Visualizes (using ggplot2) the results from a powRICLPM analysis, for a specific parameter, across all experimental conditions. By default, sample size is plotted on the x-axis, power on the y-axis, with results colored by the number of time points, wrapped by the proportion of between-unit variance, and shaped by the reliability. Optionally, other variables can be mapped to the y-axis, x-axis, color, shape, and facets.
Usage
# S3 method for class 'powRICLPM'
plot(
x,
y = "power",
...,
parameter = NULL,
color_by = "time_points",
shape_by = "reliability",
facet_by = "ICC"
)Arguments
- x
A
powRICLPMobject.- y
(optional) A
characterstring, specifying which outcome is plotted on the y-axis (see "Details").- ...
(don't use)
- parameter
Character string of length 1, denoting the parameter to visualize the results for.
- color_by
Character string of length 1, denoting what variable to map to color (see "Details").
- shape_by
Character string of length 1, denoting what variable to map to point shapes (see "Details").
- facet_by
Character string of length 1, denoting what variable to facet by (see "Details").
Details
Mapping Options
The following outcomes can be plotted on the y-axis:
average: The average estimate.MSE: The mean square error.coverage: The coverage rateaccuracy: The average width of the confidence interval.SD: Standard deviation of parameter estimates.SEAvg: Average standard error.bias: The absolute difference between the average estimate and population value.

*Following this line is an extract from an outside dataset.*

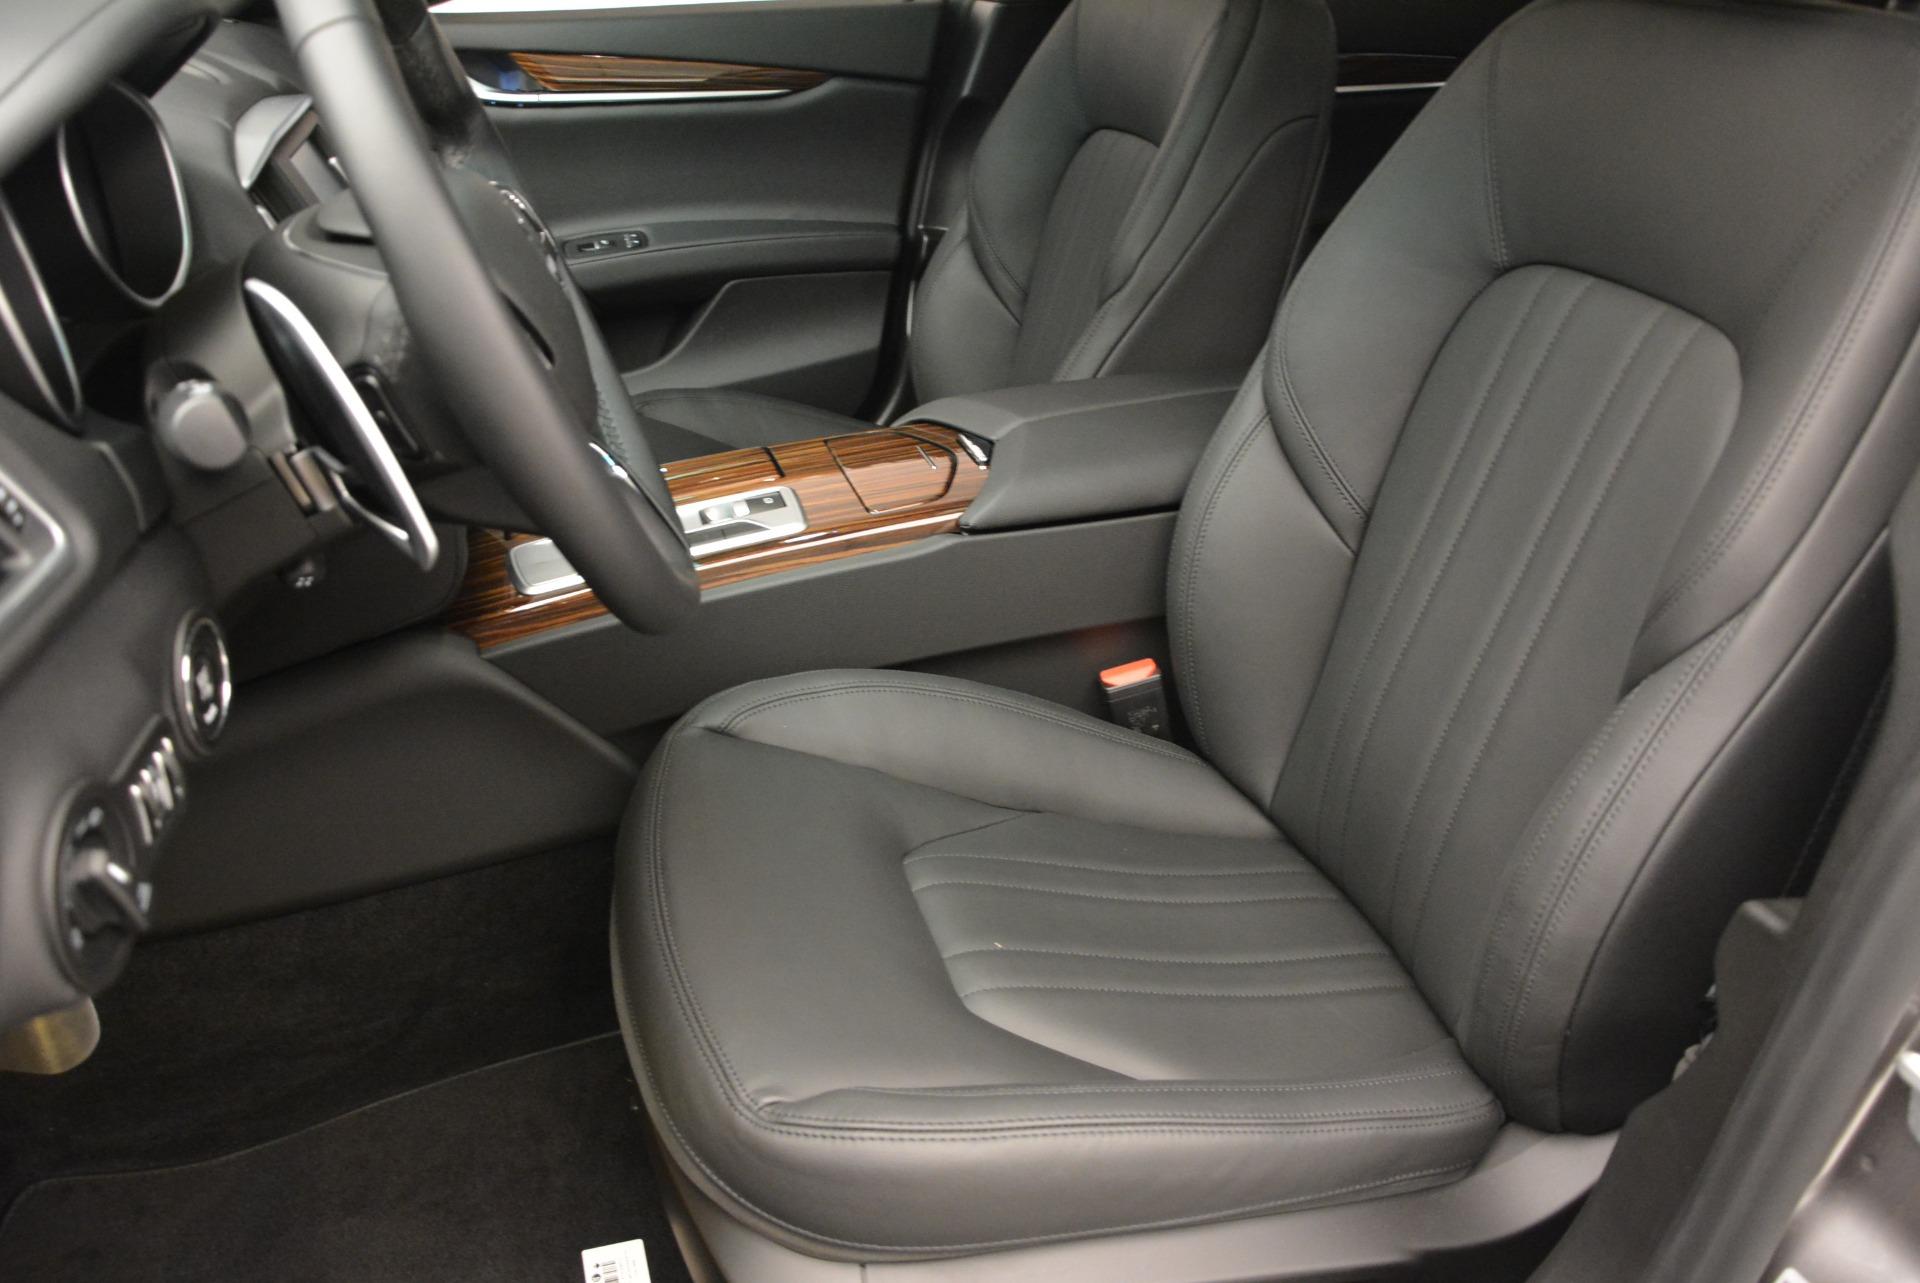 Used 2014 Maserati Ghibli S Q4 For Sale In Westport, CT 2562_p16

The following variables can be mapped to color, shape, and facet:
sample_size: Sample size.time_points: Time points.ICC: Intraclass correlation (ICC).reliability: Item-reliablity.
See also
give: Extract information (e.g., performance measures) for a specific parameter, across all experimental conditions. This function is used internally byplot.powRICLPM.
Examples
# Visualize power for "wB2~wA1" across simulation conditions
plot(out_preliminary, parameter = "wB2~wA1")
# Visualize bias for "wB2~wA1" across simulation conditions
plot(out_preliminary, y = "bias", parameter = "wB2~wA1")
# Visualize coverage rate for "wB2~wA1" across simulation conditions
plot(out_preliminary, y = "coverage", parameter = "wB2~wA1")
# Visualize MSE for autoregressive effect across simulation conditions
plot(out_preliminary, y = "MSE", parameter = "wA2~wA1")
# Error: No parameter specified
try(plot(out_preliminary))
#> Error in icheck_plot_parameter(parameter, x) :
#> No `parameter` was specified:
#> ℹ `plot()` needs to know which specific parameter to create a plot for.